Several of these selds are mentioned in the city books; thus there was the Tanner’s Seld, in or near St. Lawrence Lane, and Winchester Seld, near the Woolmarket of Woolchurch, also another in Thames Street. In the Hustings Roll we hear of the ‘Great Seld of Roysia de Coventre in the Mercery,’ known as the Great or Broad Seld. In 1311 we find tenants surrendering to Roysia, wife of Henry de Coventre, space for the standing of a certain chest in the seld called ‘La Broselde,’ in the parish of St. Pancras, in the ward of Cheap.
Windows are mentioned in the Assize, but glass was only used by the most opulent. The windows of the citizens in the reign of Richard I. were mere apertures, open in the day, crossed, perhaps, by iron stanchions, and closed by wooden shutters at night. Glass is mentioned as one of the regular imports into this country in the reign of Henry III., and in the time of Edward III. glaziers (verrers) are mentioned as an established gild.[32]
The buildings were constantly improved as time passed, and there is reason to believe that London was much in advance of continental cities as to comfort and cleanliness, in spite of some unflattering pictures that have come down to us. We have reason to believe that the standard idea of Englishmen as to comfort and decency was always higher than that of his neighbours. This point, however, will be more fully considered in the seventh chapter on Sanitation.

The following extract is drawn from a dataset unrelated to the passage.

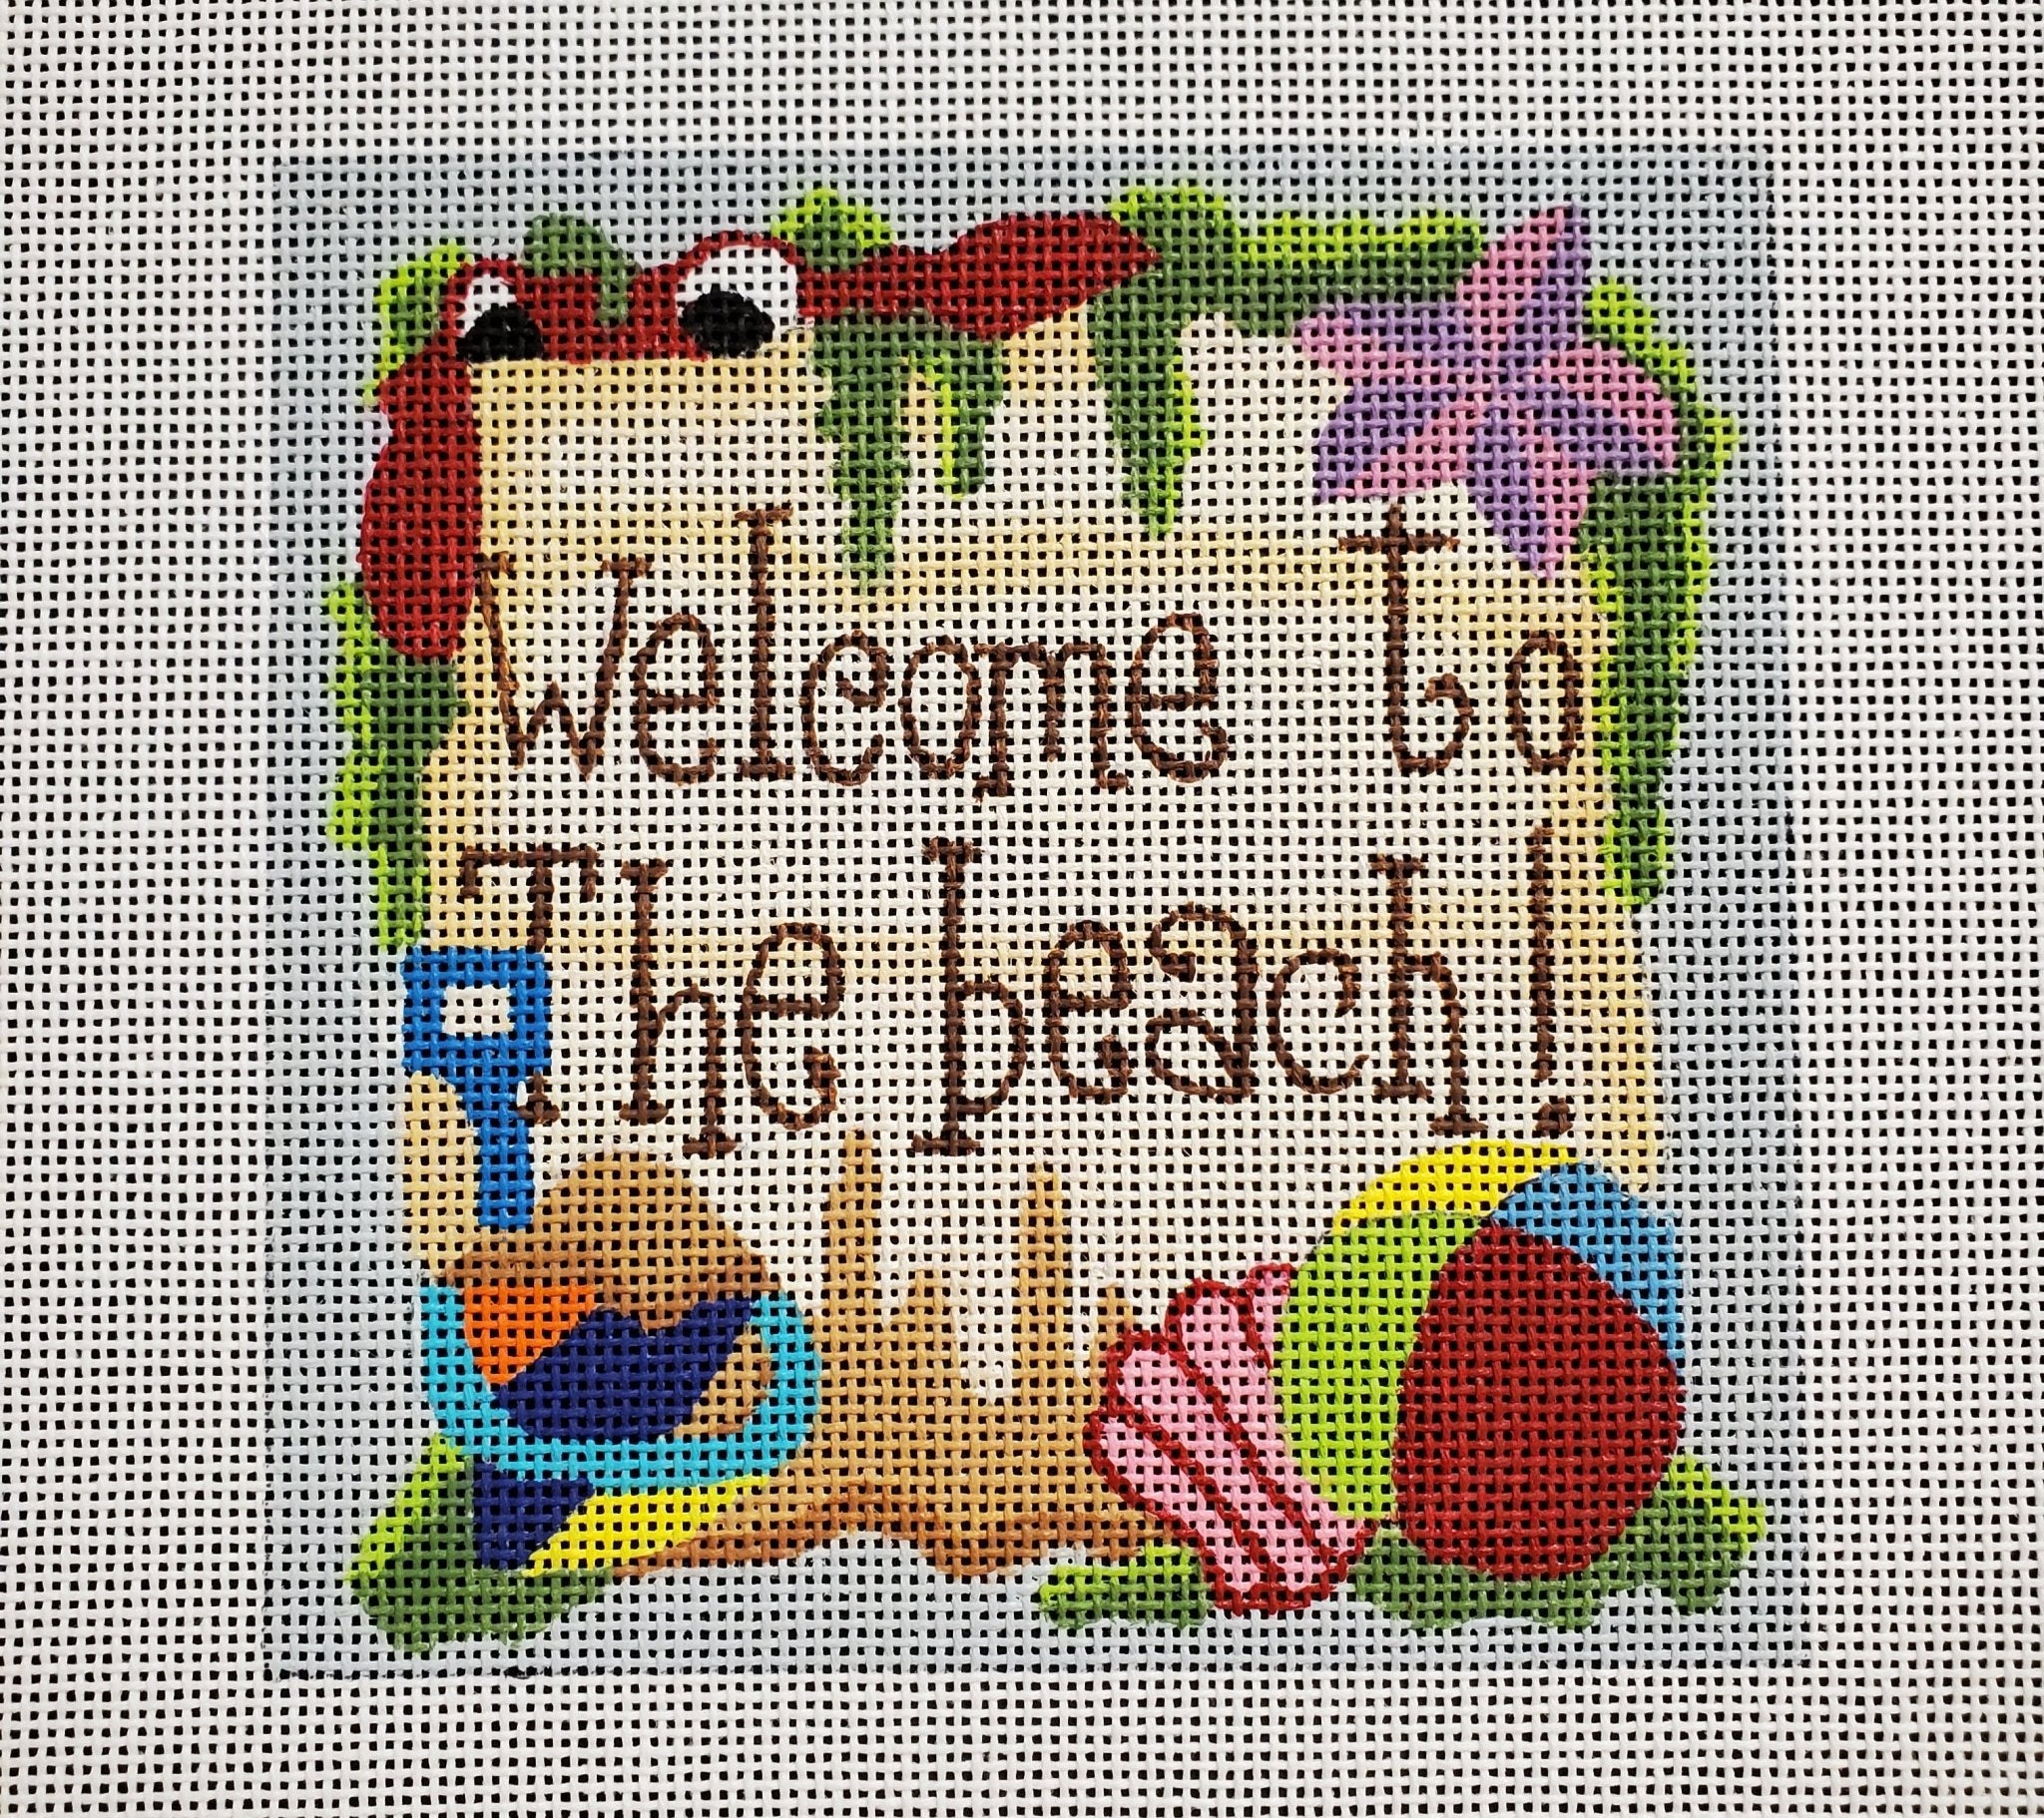 Welcome to the Beach - The Flying Needles

It took some time to establish the principle that an Englishman’s house is his castle, and some of our Kings tried hard to override the rights of the faithful citizens. Mr. Riley makes the following remarks on this point: ‘In the times of our early Kings, when they moved from place to place, it devolved upon the Marshal of the King’s household to find lodgings for the royal retinue and dependants, which was done by sending a billet and seizing arbitrarily the best houses and mansions of the locality, turning out the inhabitants and marking the houses so selected with chalk, which latter duty seems to have belonged to the Serjeant-Chamberlain of the King’s household. The city of London, fortunately for the comfort and independence of its inhabitants, was exempted by numerous charters from having to endure this most abominable annoyance at such times as it pleased the King to become its near neighbour by taking up his residence in the Tower. Still, however, repeated attempts were made to infringe this rule within the precincts of the city.’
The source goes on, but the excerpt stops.